Green leader attacked for ‘unfunded promises’ after pledging to take Britain back into customs union and cap wages

Zack Polanski plans to cap wages and introduce universal support for energy bills (Image: Getty)
Zack Polanski would betray Brexit and take Britain back into the EU customs union – a move critics say would make the cost-of-living crisis worse. The Green leader has also pledged to cap wages at 10 times a company’s lowest-paid employee and to roll out universal support for energy bills.
Mr Polanski, who also wants to introduce rent controls, said: “The affordability crisis is something affecting nearly everyone, from the most vulnerable to people in work and comfortable,” and fumed at the Labour and Conservatives for their choices. But critics have blasted the Left-wing party for not saying how it would fund its radical pledges.
Anna Turley, chairwoman of the Labour Party, attacked the Greens’ “unfunded promises” and said the use of food banks, which the Green Party aims to tackle, is “coming down with Labour”.
She added: “Zack Polanski won’t say what his promises will cost, and he won’t say how he’d pay for them. That means he can’t keep them.”
Labour is under threat from the Greens’ soaring poll ratings, with deputy leader Rachel Millward saying “millions face food insecurity, food poverty and turn to food banks to prevent them going hungry”.
Callum Price, of the Institute of Economic Affairs, said that the Greens’ measures would “not do anything to tackle the cost of living” and said in many cases they would make problems “far worse”.
He added: “Bankrupting the taxpayer and spooking the markets with limitless, uncosted spending pledges is not how we help the poorest in our society.”
On rent controls, he added: “The evidence on rent controls is clear: they harm the very people they try to help by making rented housing more scarce, lower quality, and more expensive for so many.”

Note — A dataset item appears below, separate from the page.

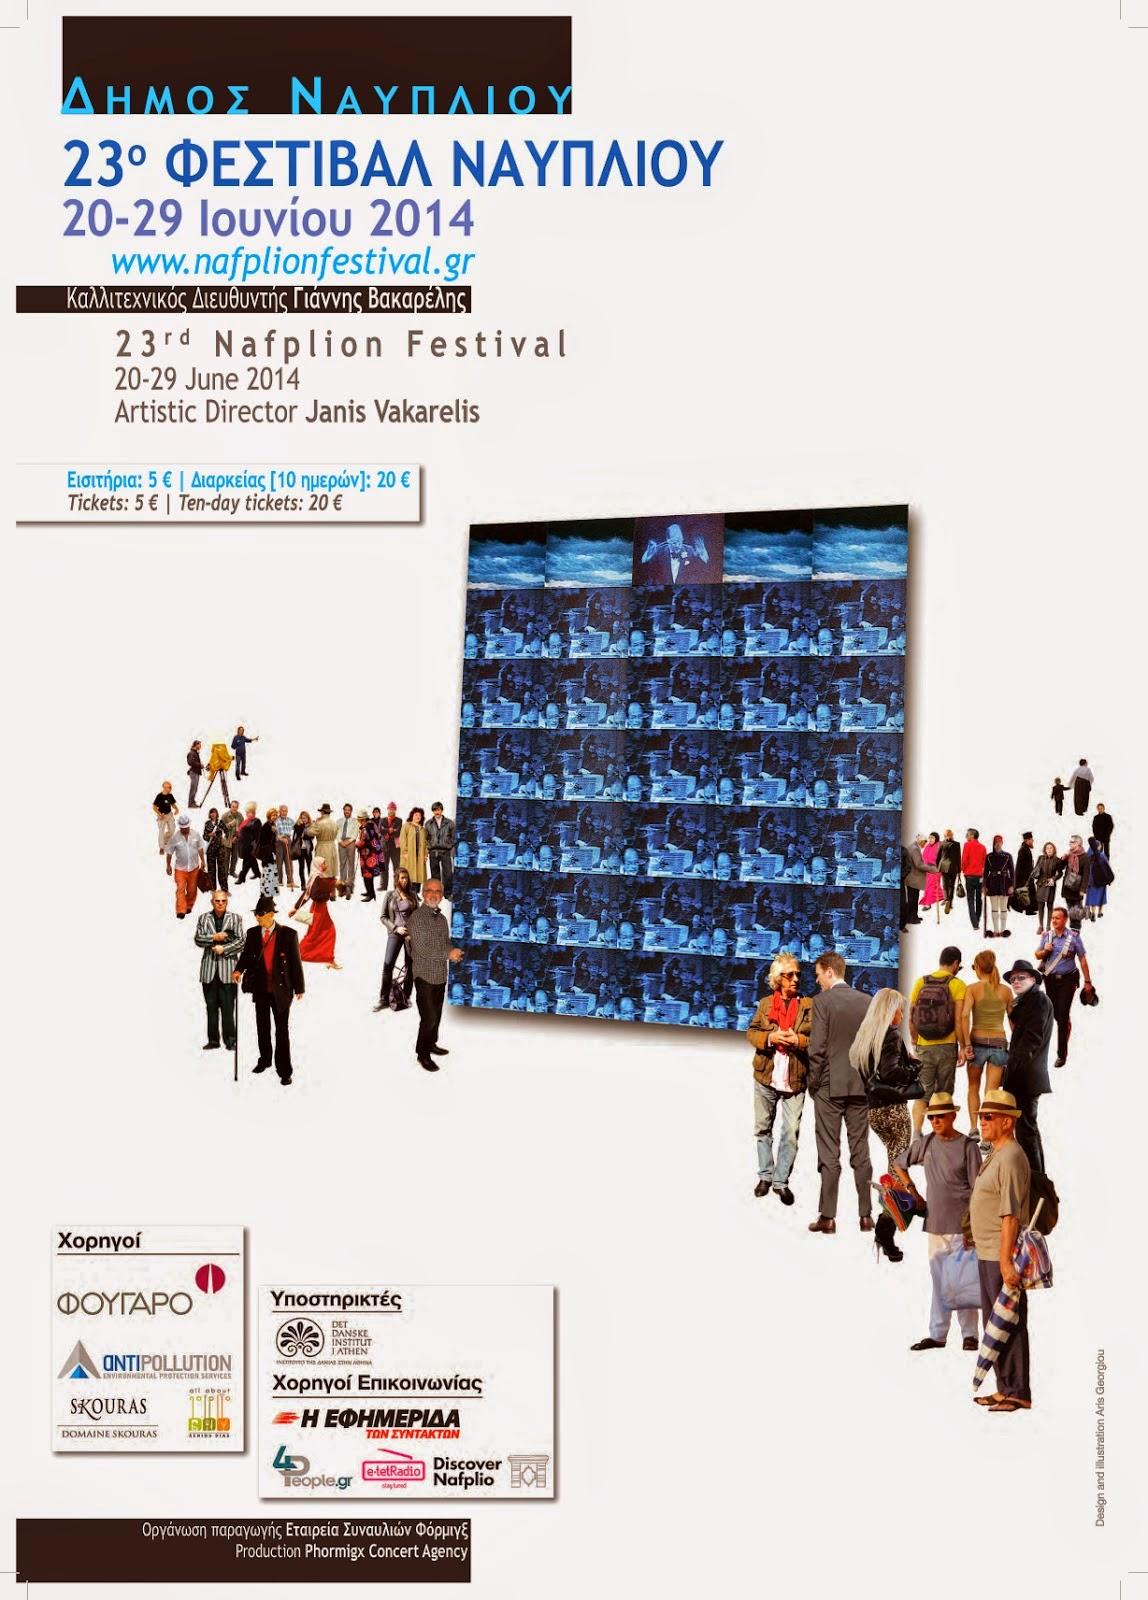 afisa_23o festival nafpliou_A3 (1)
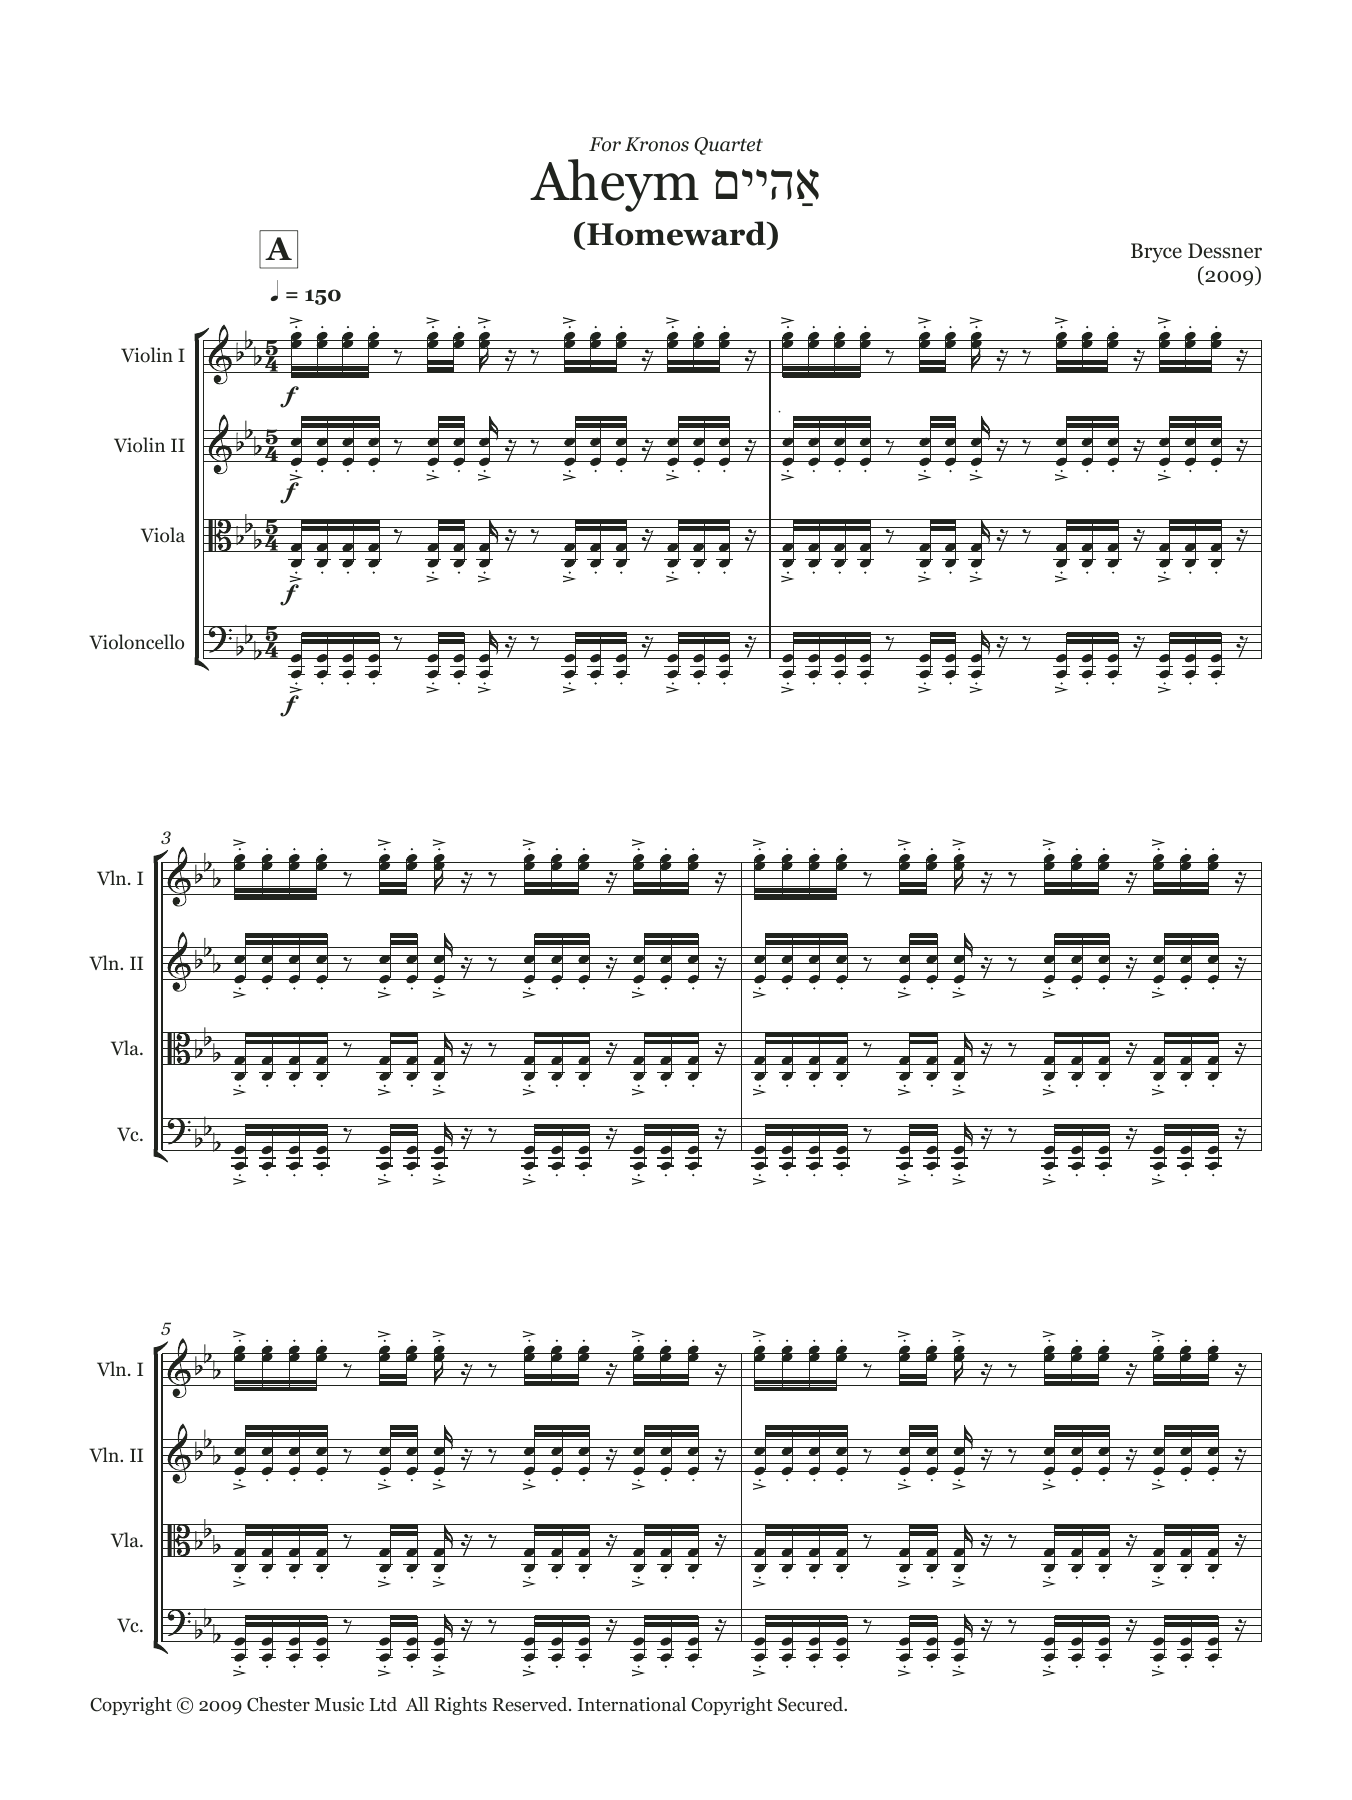 Bryce Dessner - Aheym (String quartet score & parts)

And he said rejoining the customs unions would “serve only to tie our hands when we should be doing the opposite – using our sovereignty to pursue trading agreements that will drive costs for consumers down”.
He also said pay ratios would mean a “huge pay cut for the people who lead, drive, and grow successful businesses”.
“Why would anyone in the UK seek to set up a business, the sort that can be the lifeblood of local communities, under these conditions?” he asked.
“Is it too much to ask for our politicians to examine evidence and think properly before pledging populist policies?”